А потом меня уже было не остановить. Когда ты избавился от молодости, остановить тебя гораздо труднее. Нет, я не вижу тут иронии или чего-то такого. Ее только в книгах увидишь. То было одно, а это — другое, и они никак не связаны.

Осенью я познакомился с Мэриан, и через год мы поженились. Она была очень разумная девушка, и все у нас получилось как нельзя лучше. Может быть, детьми мы обзавелись рановато, но она всегда хотела детей. Когда у тебя дети и дом, ты и сам становишься устойчивее. А что зачитывается книжками про любовь — пусть ее. Лишь бы меня не заставляла.

В книге я столкнулся бы с Евой или набрел на фамилию Ферфью в газете. Но этого не случилось и, думаю, никогда не случится. По моим представлениям, они все еще живут в Чантри, а такими местами, как Чантри, газеты не интересуются. Одного только не могу себе представить — чтобы кто-нибудь из них умер.

Кстати, я бы не отказался увидеть Ферфью. Я говорю — он мне понравился. Упрекнуть его могу только в том, что он увез их раньше, чем истек срок найма. Нет, все правильно, у него были свои причины. Но им оставалось еще две недели — две недели до первого. И тогда был бы ровно год.

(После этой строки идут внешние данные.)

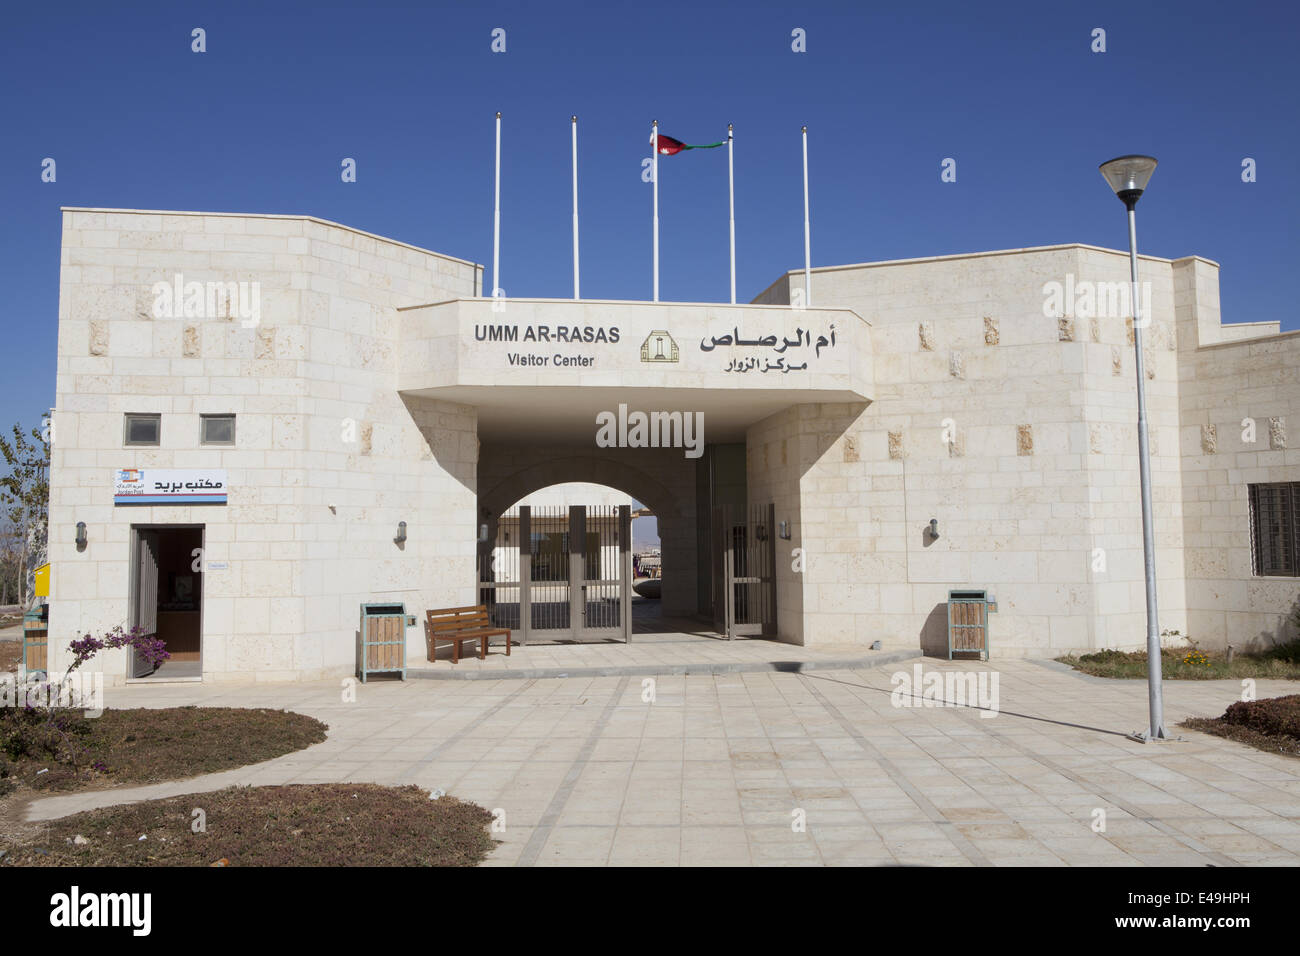 Visitor center, Umm ar-Rasas, Jordan Stock Photo
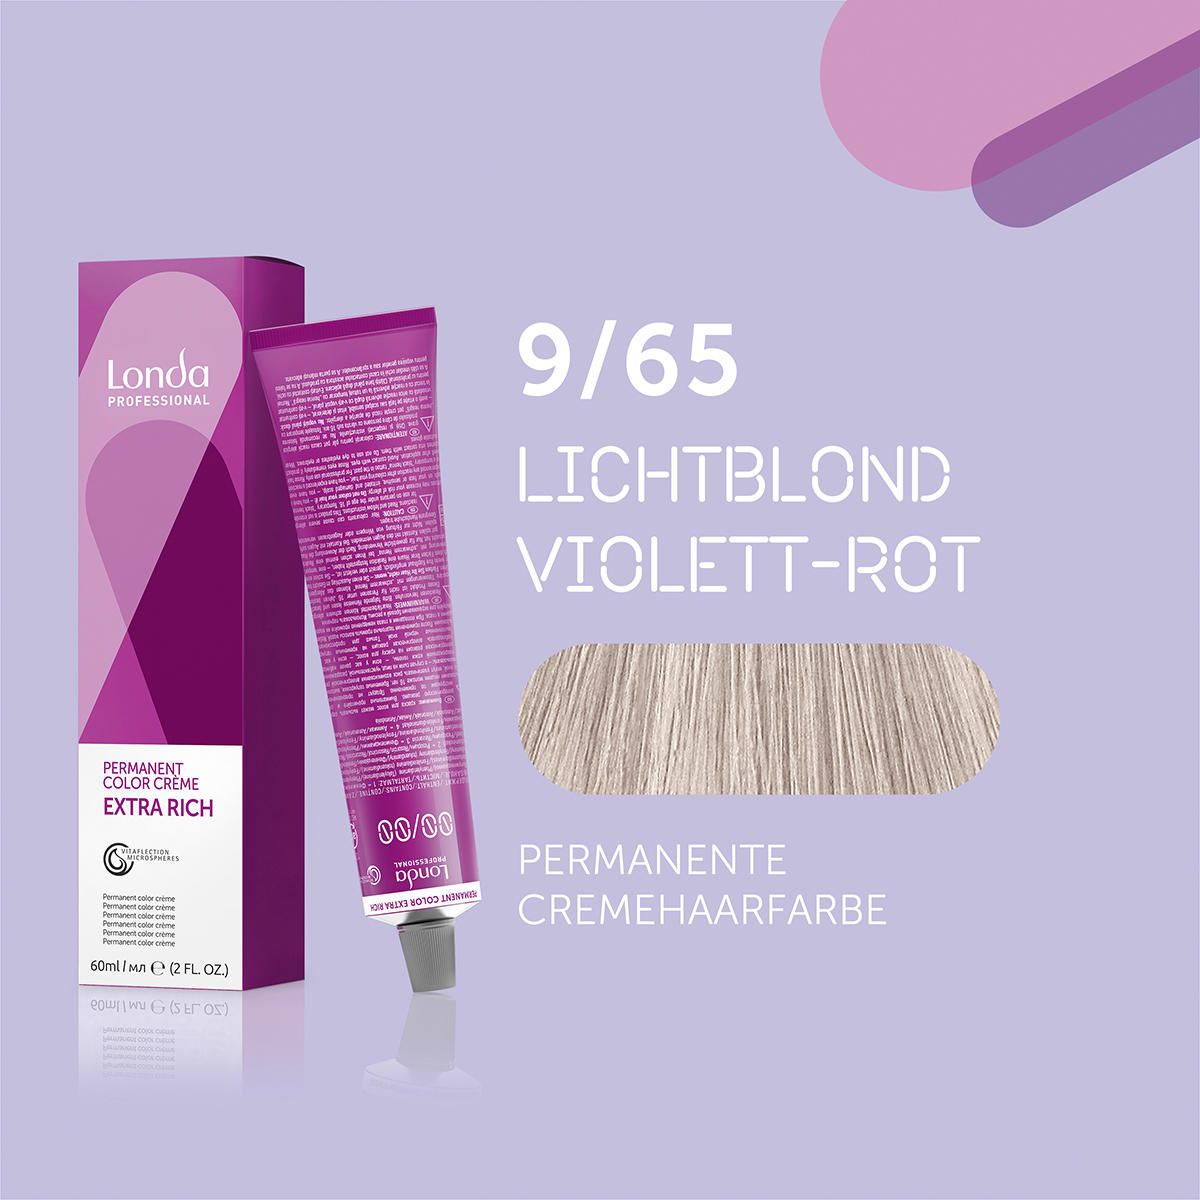 Londa Permanente Cremehaarfarbe Extra Rich 9/65 Lichtblond Violett Rot, Tube 60 ml - 1

А теперь, когда я ложусь спать, на соседней кровати лежит Мэриан — и тут тоже все правильно. Вернуться на речную плантацию я попробовал лишь однажды — после съезда в Чикаго, и был я сильно навеселе. Только попасть мне туда не удалось. Я стоял на другом берегу и видел дом за рекой. Такой же, как всегда, но выглядел он необитаемым. По крайней мере, никто не подошел к окну… никто не вышел.


Перевод В. Голышева

Все были очень милы

Да, с последней нашей встречи я, наверно, растолстел, хотя и ты не похож на голодающего. Конечно, вам, лекарям, надо держать форму — больше следите за собой, чем мы, коммерсанты. По выходным стараюсь играть в гольф, иногда хожу на яхте. Но на встрече выпускников, когда играли в бейсбол, четырех раз на подаче мне хватило. Ушел с поля, уступил место Арту Корлиссу.

Жаль, что тебя не было. Все-таки двадцатилетие — это веха, и выпуск гордится своей знаменитостью. Как там было в журнале: «Самый блестящий молодой психиатр страны»? Я, может быть, психиатрию от подкидного не отличу, но показал статью Лайзе, говорю, это наш Спайк Гаретт, — и знаешь, произвело впечатление; редкий случай. Биржевиков она считает довольно серой публикой. Хорошо бы ты как-нибудь пришел к нам обедать — покажу тебе квартиру, близнецов. Нет, наши с Лайзой. Оба — мальчики, представляешь? А остальные у Салли. Барбара уже совсем взрослая.

Словом, грех жаловаться. Пусть я не так знаменит, как ты, но на хлеб зарабатываю, несмотря на всякие мозговые тресты, да еще дом на Лонг-Айленде приходится держать. Жаль, что ты так редко наведываешься на Восток, — вид из гостевого домика отличный, на пролив, а если бы тебе захотелось, например, усесться писать книгу, мы бы тебе не докучали. Вот уже два года меня именуют партнером — видимо, так оно и есть. До сих пор их дурачу. А если серьезно, фирма у нас симпатичная. Дела ведем осмотрительно, но это не значит, что мы забурели, как утверждают ретивые. Вообще, тебе бы стоило прочесть, что о нас написали в последнем номере «Боул-стрит джорнел». Напомни, чтобы я тебе показал.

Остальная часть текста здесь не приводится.